▶ [INSTRUCTIONS FOR THE TASK]: Only one span is wanted from the lines below: from the one with "Alternate Image 1" up to and including the one with "stock photo chrome". Copy it exactly, without images.

▶ [STUDY MATERIAL]:

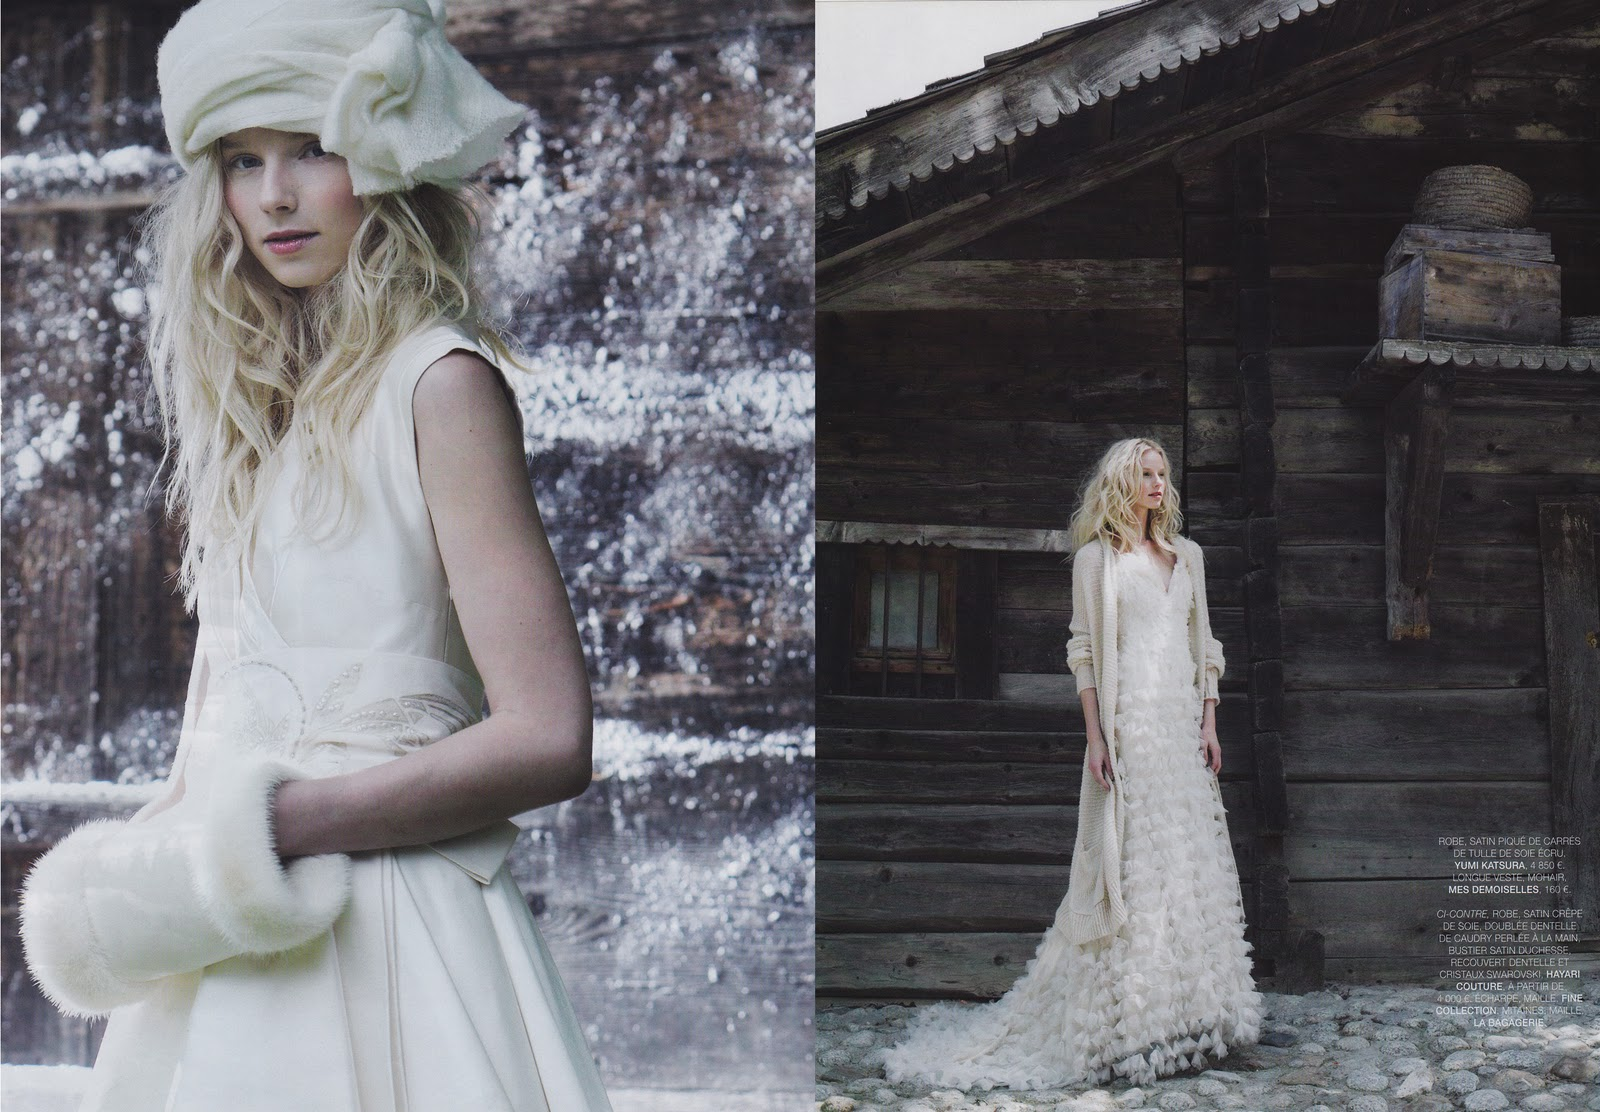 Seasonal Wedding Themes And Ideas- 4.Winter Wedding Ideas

* * *

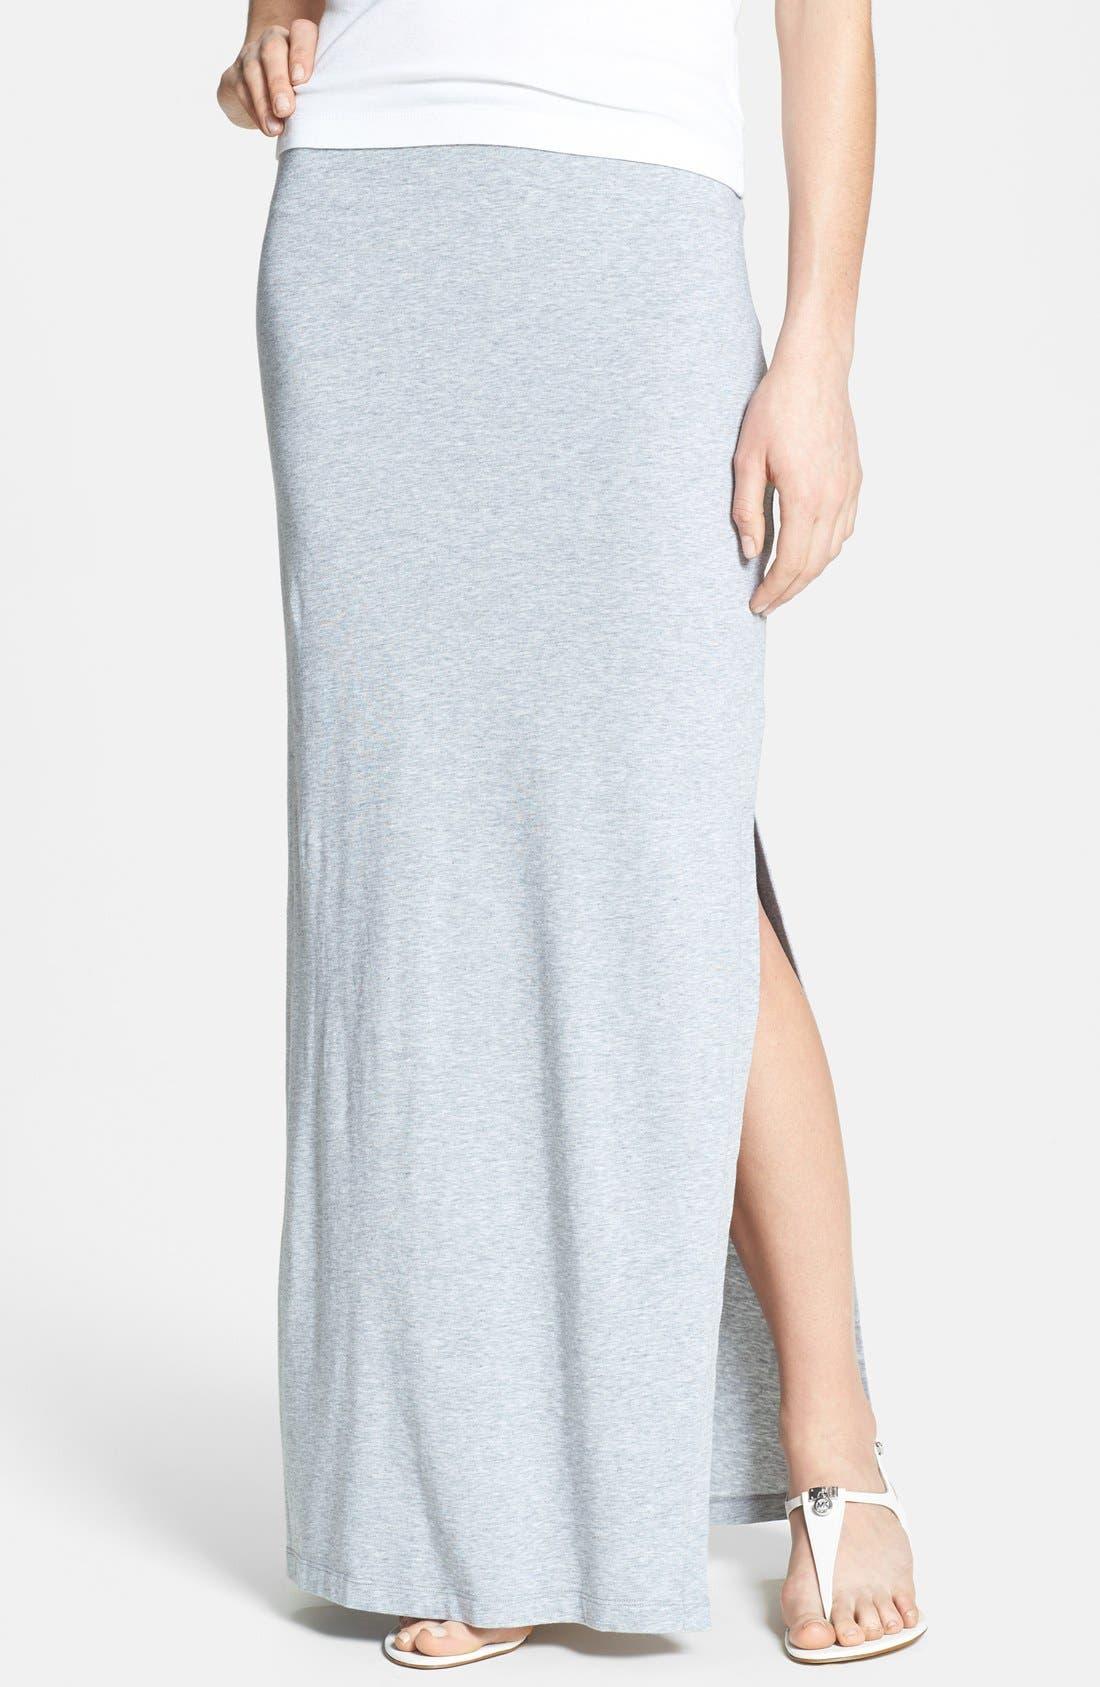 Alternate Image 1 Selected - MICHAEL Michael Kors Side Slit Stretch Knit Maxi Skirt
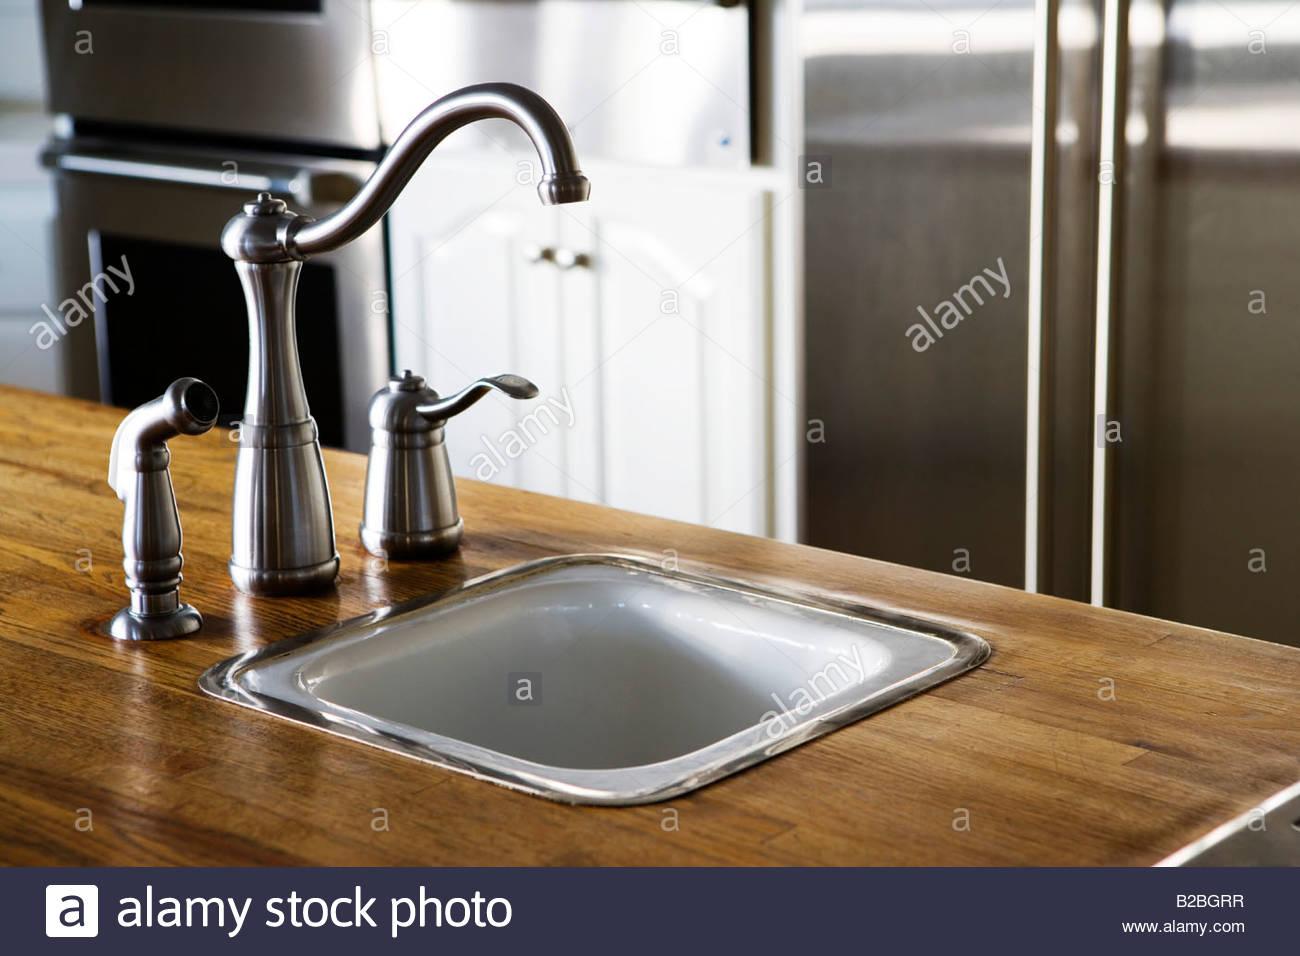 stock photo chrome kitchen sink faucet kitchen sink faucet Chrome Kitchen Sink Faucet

---

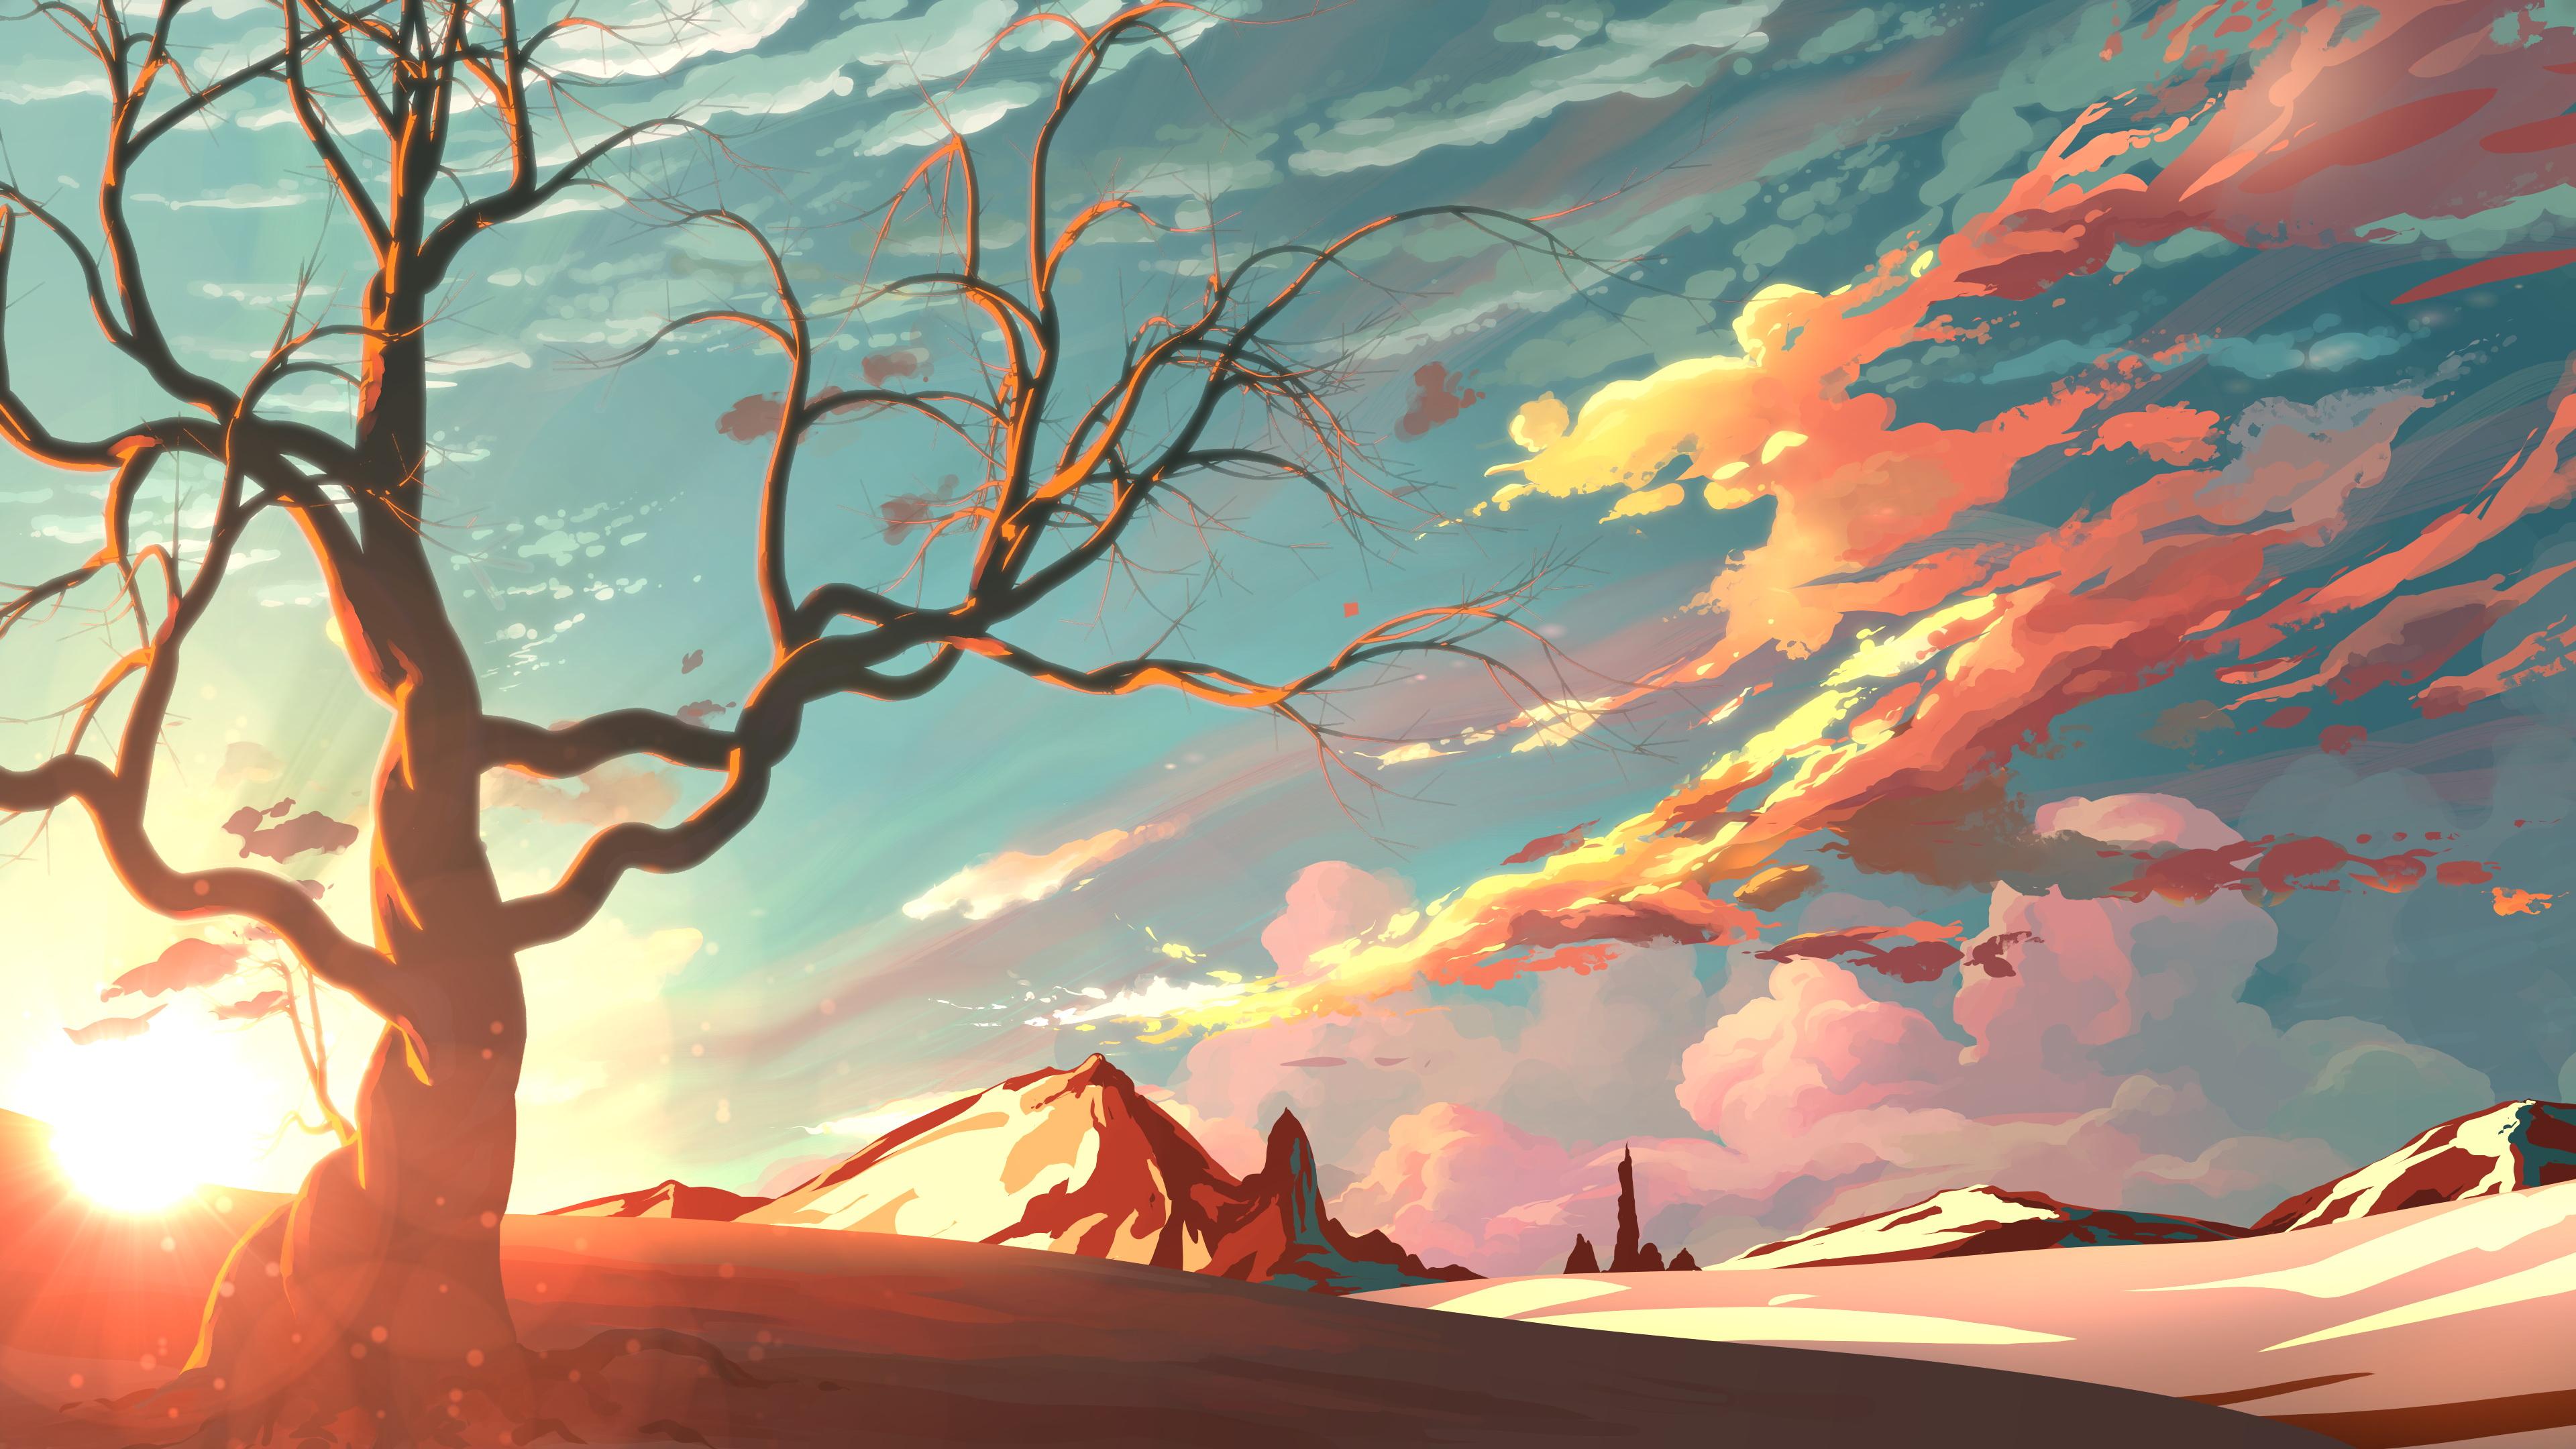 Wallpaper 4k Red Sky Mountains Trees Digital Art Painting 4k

▶ [ANSWER SECTION]:
 Alternate Image 1 Selected - MICHAEL Michael Kors Side Slit Stretch Knit Maxi Skirt
 stock photo chrome kitchen sink faucet kitchen sink faucet Chrome Kitchen Sink Faucet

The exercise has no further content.